After the market and a break for our overwhelmed eyes we went out to the site of an abandoned prison called the Ontario Reformatory and Ontario Corrections Center. It ceased operations in 2002 entirely and now sits abandoned behind the prison fences. The space has been designated a historical site and is protected by the province but is not currently in use near as we could tell. All the windows are boarded up and shuttered and the parking lots are being slowly devoured by weeds and small trees.

It’s a short hike in from the street past a gorgeous pond and fields, beautiful forests and banks of green all around.

Originally built in 1910 the space was used for a rehabilitation and sustainable reformation prison.
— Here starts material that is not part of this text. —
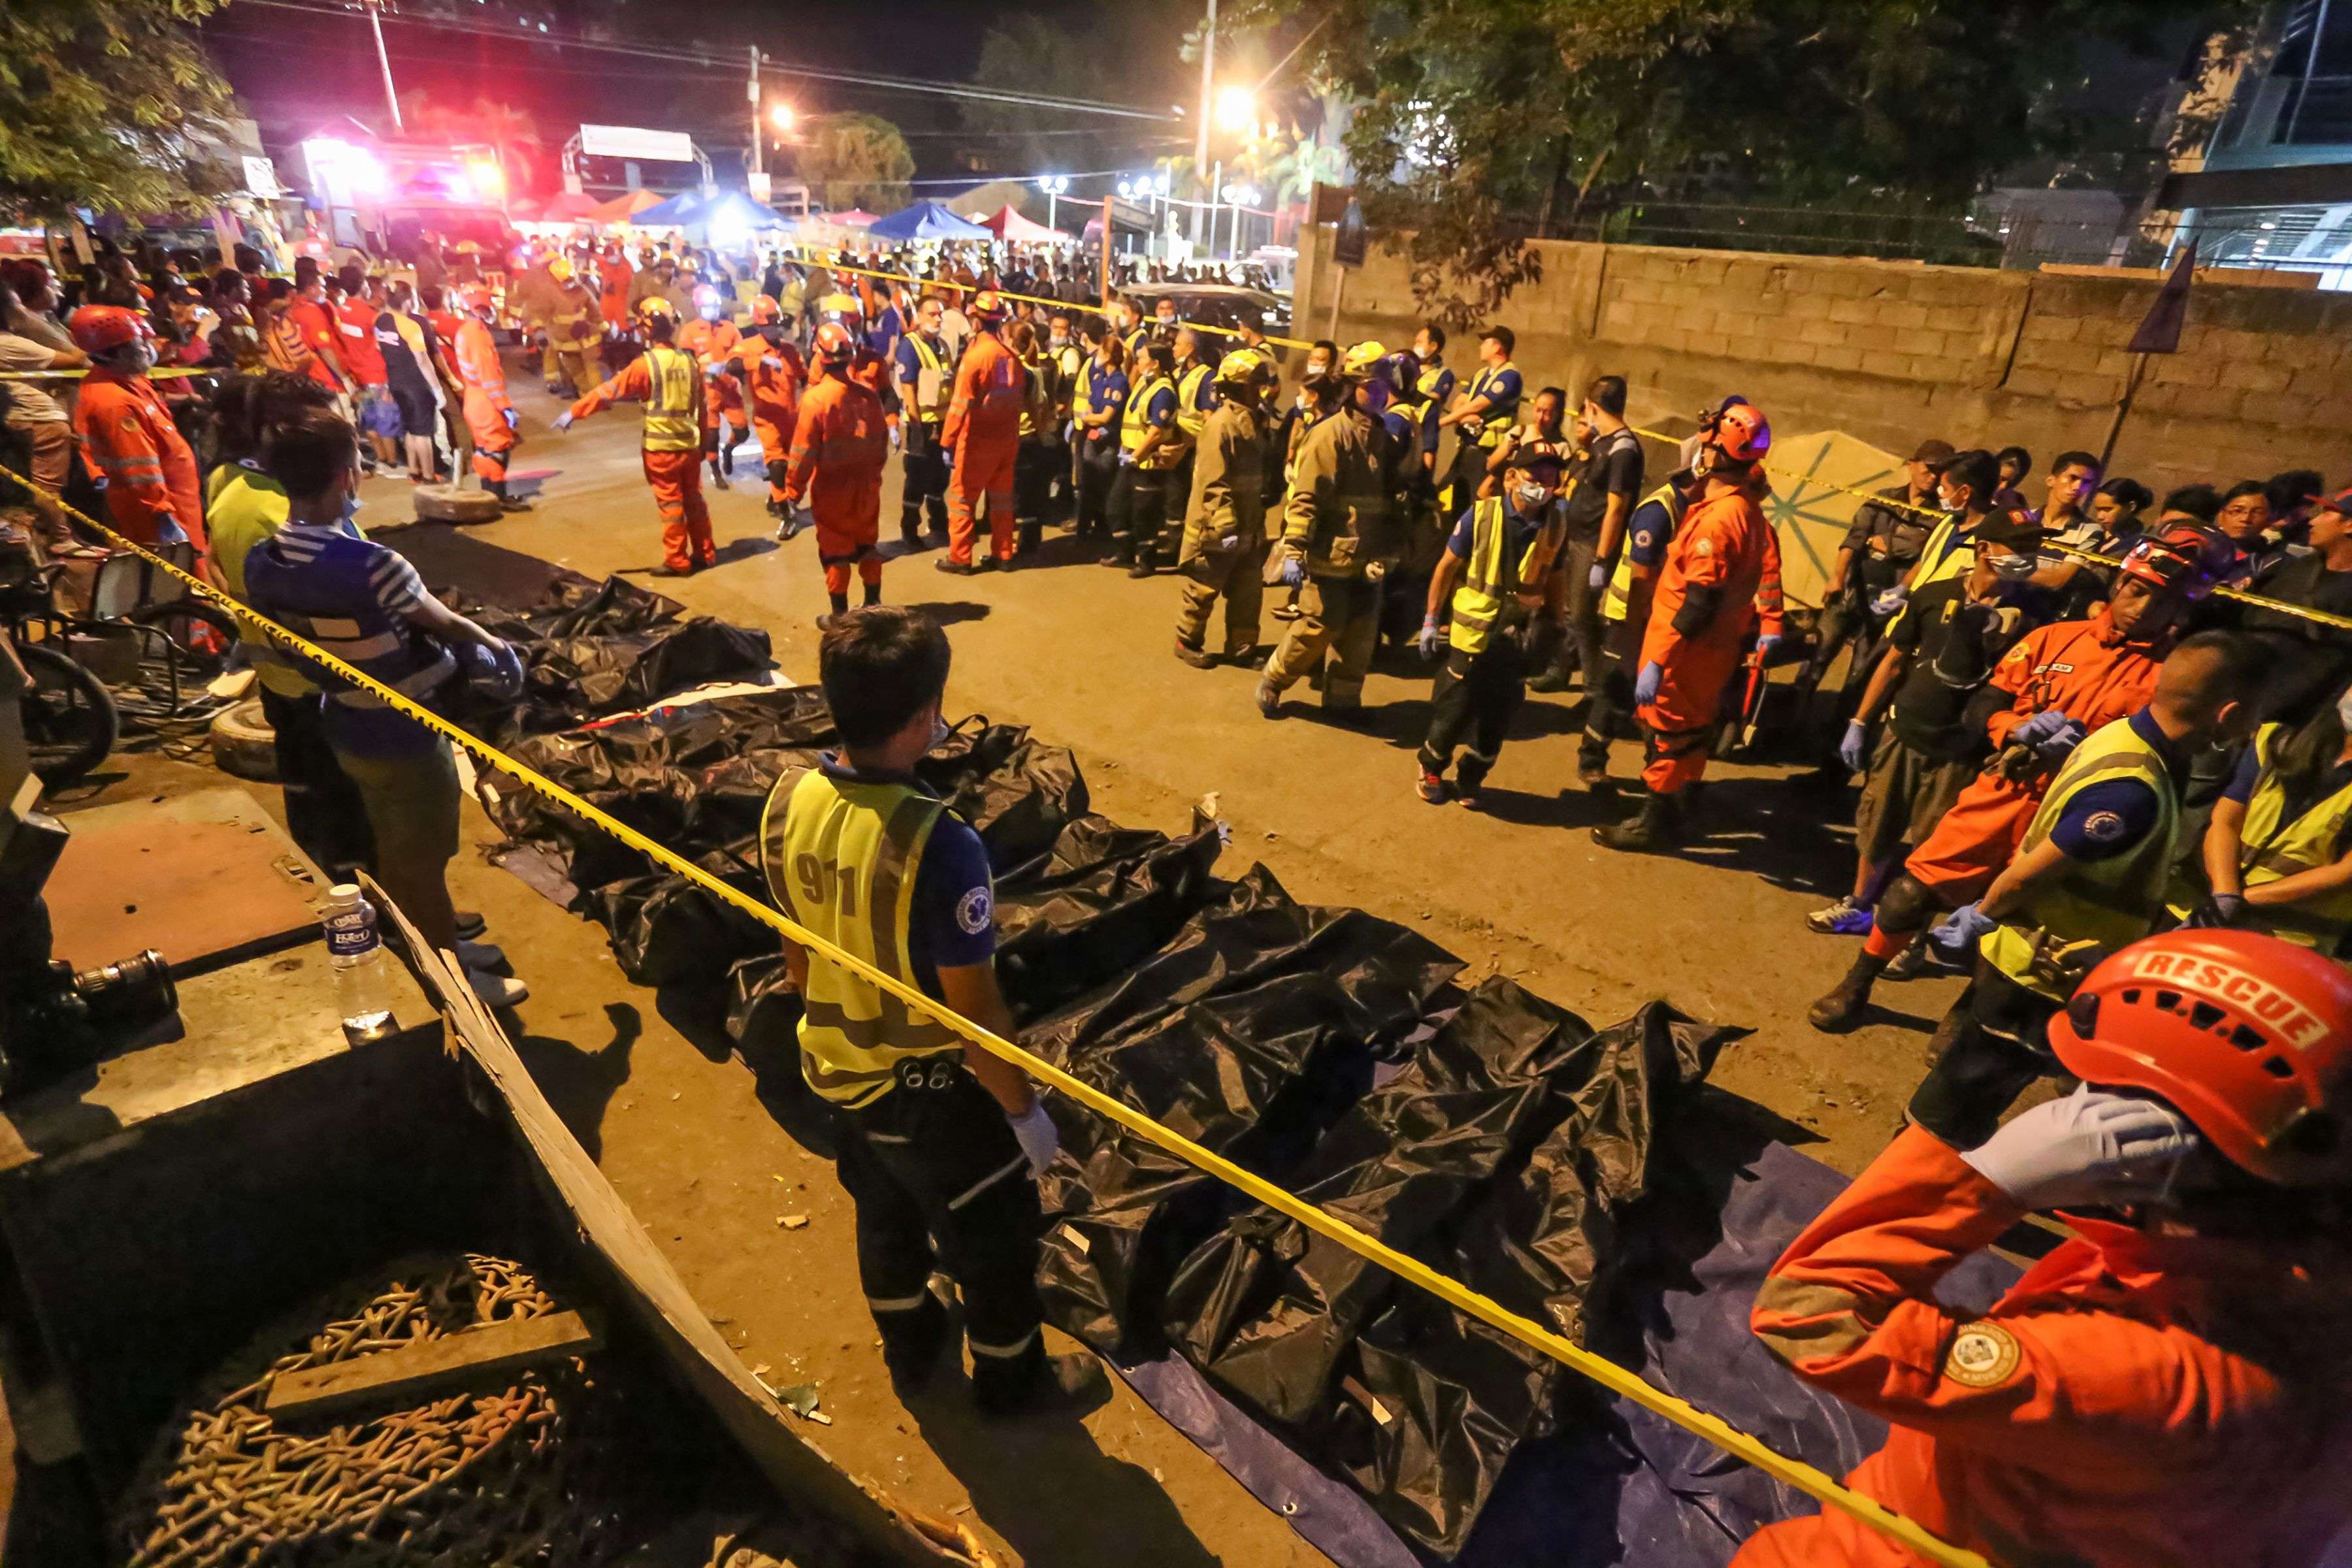 Rescue workers gather the bodies of victims of an explosion at a night market in Davao City in the Philippines on September 3, 2016. The Abu Sayyaf group claimed responsibility for the deadly blast. Photo: AFP

All of the original buildings still stand and the surrounding farmland is lush and serene.

“From the beginning the goal of the institution was a holistic approach to prison reform: “The whole of a man’s stay in the Reformatory, from the day that he first enters, is orientated towards the time when he will be standing on his own two feet, shouldering the responsibilities and sharing the privileges of a free man in a free society.”(First Public Exhibition at Ontario Reformatory, Guelph).

The buildings themselves are situated behind high fences and very hard to access, which is probably why they haven’t been coated in graffiti. I’m sure their rural location helps with that as well. We encountered one security guard while exploring and taking photos, I’m a little sorry I didn’t stop him to ask questions about the area since he’d be more of an expert than my google searches surely. He did warn us that snakes like to bask on the pavement around the buildings though. After taking a bunch of photos we departed the area and meandered our way back to the big city.

It was so fascinating exploring both of these spots and I hope you enjoyed this little glimpse of a summer road trip.